Hetherington had an epiphany, thanks to a photograph he called “The Garden of Eden,” which showed American soldiers picnicking in the country. He believed a primal yearning for conflict and the threat of imminent death allowed men the opportunity to openly express love for one another without doubt, fear, or judgment. He thought true depictions of masculinity couldn’t be found in heroic, dramatic, or otherwise artistic representations of war. It lay in casual snapshots of soldiers in their most intimate and vulnerable moments.

Stephen Mayes was Hetherington’s longtime friend and colleague; he’s now the the Executive Director of the Tim Hetherington Trust. To commemorate the seventh anniversary of his death, VICE spoke with Mayes about how Hetherington changed the way we think about war. He also talked about his final conversation with Hetherington, in which the photographer shared how his time on the front lines changed his life.

Medic "Doc" Old treats specialist Gutierrez, injured during an attack on by Taliban fighters on the 'Restrepo' outpost.
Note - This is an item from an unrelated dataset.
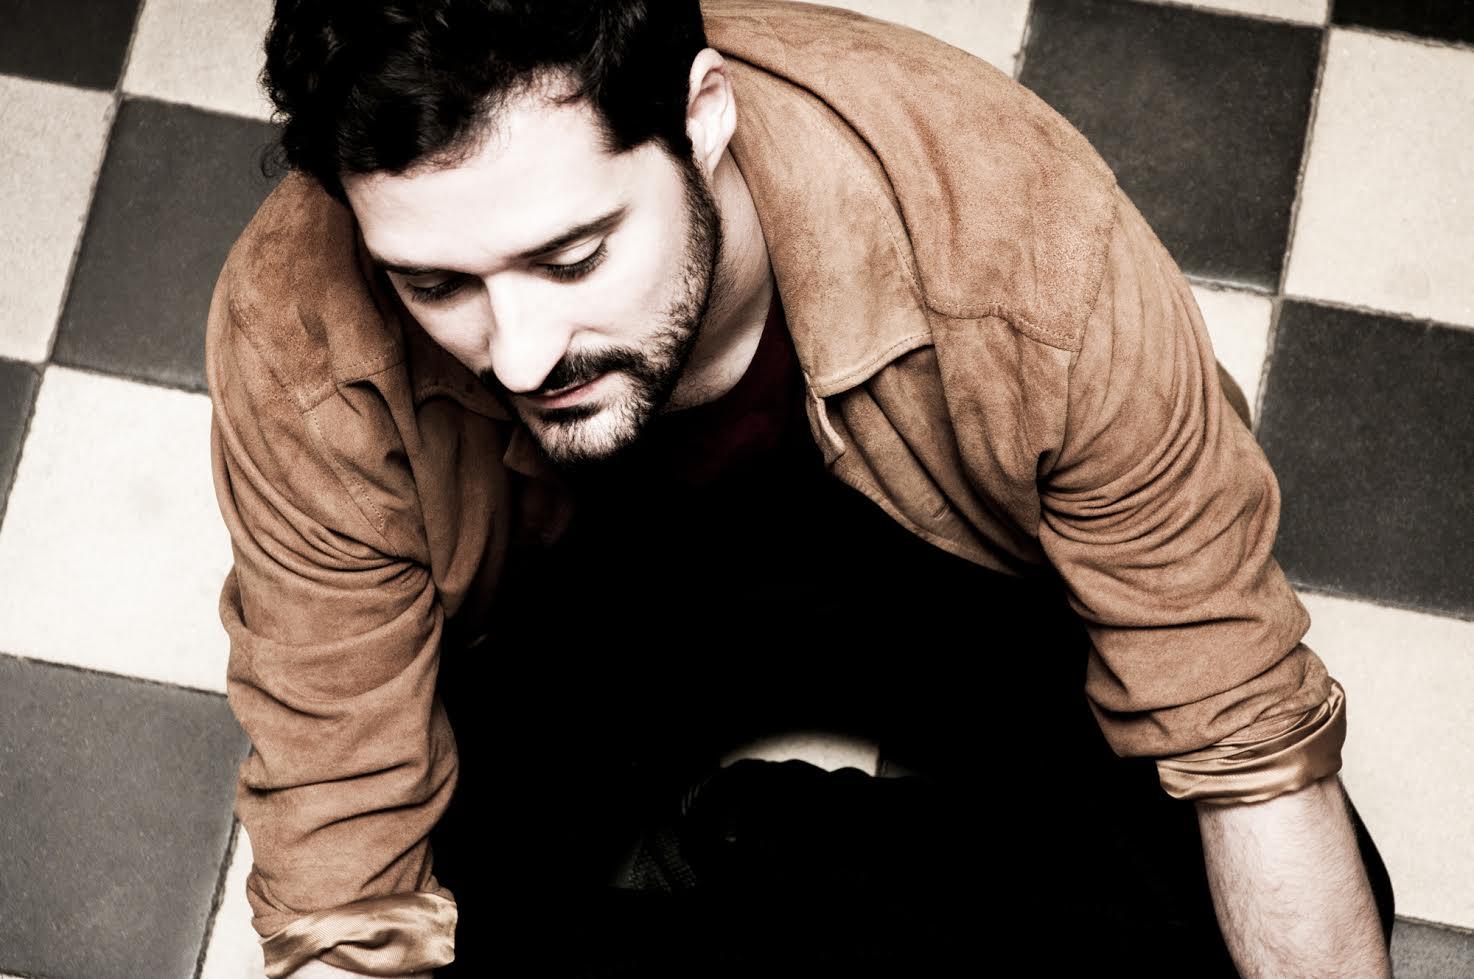 BLD aka Baldo, residente de The Loft [Razzmatazz] y artífice de BLD Tape Recordings.

Korengal Valley, Kunar province, Afghanistan. 17th September 2007 © Tim Hetherington

VICE: How would you describe Tim Hetherington’s mission?
Mayes: I met Tim while he was studying photojournalism at Cardiff University in Wales. From the moment he graduated in 1997, he was beyond photography. For the rest of the 90s, our conversation was, “That’s all very well, but what are you going to do with it?”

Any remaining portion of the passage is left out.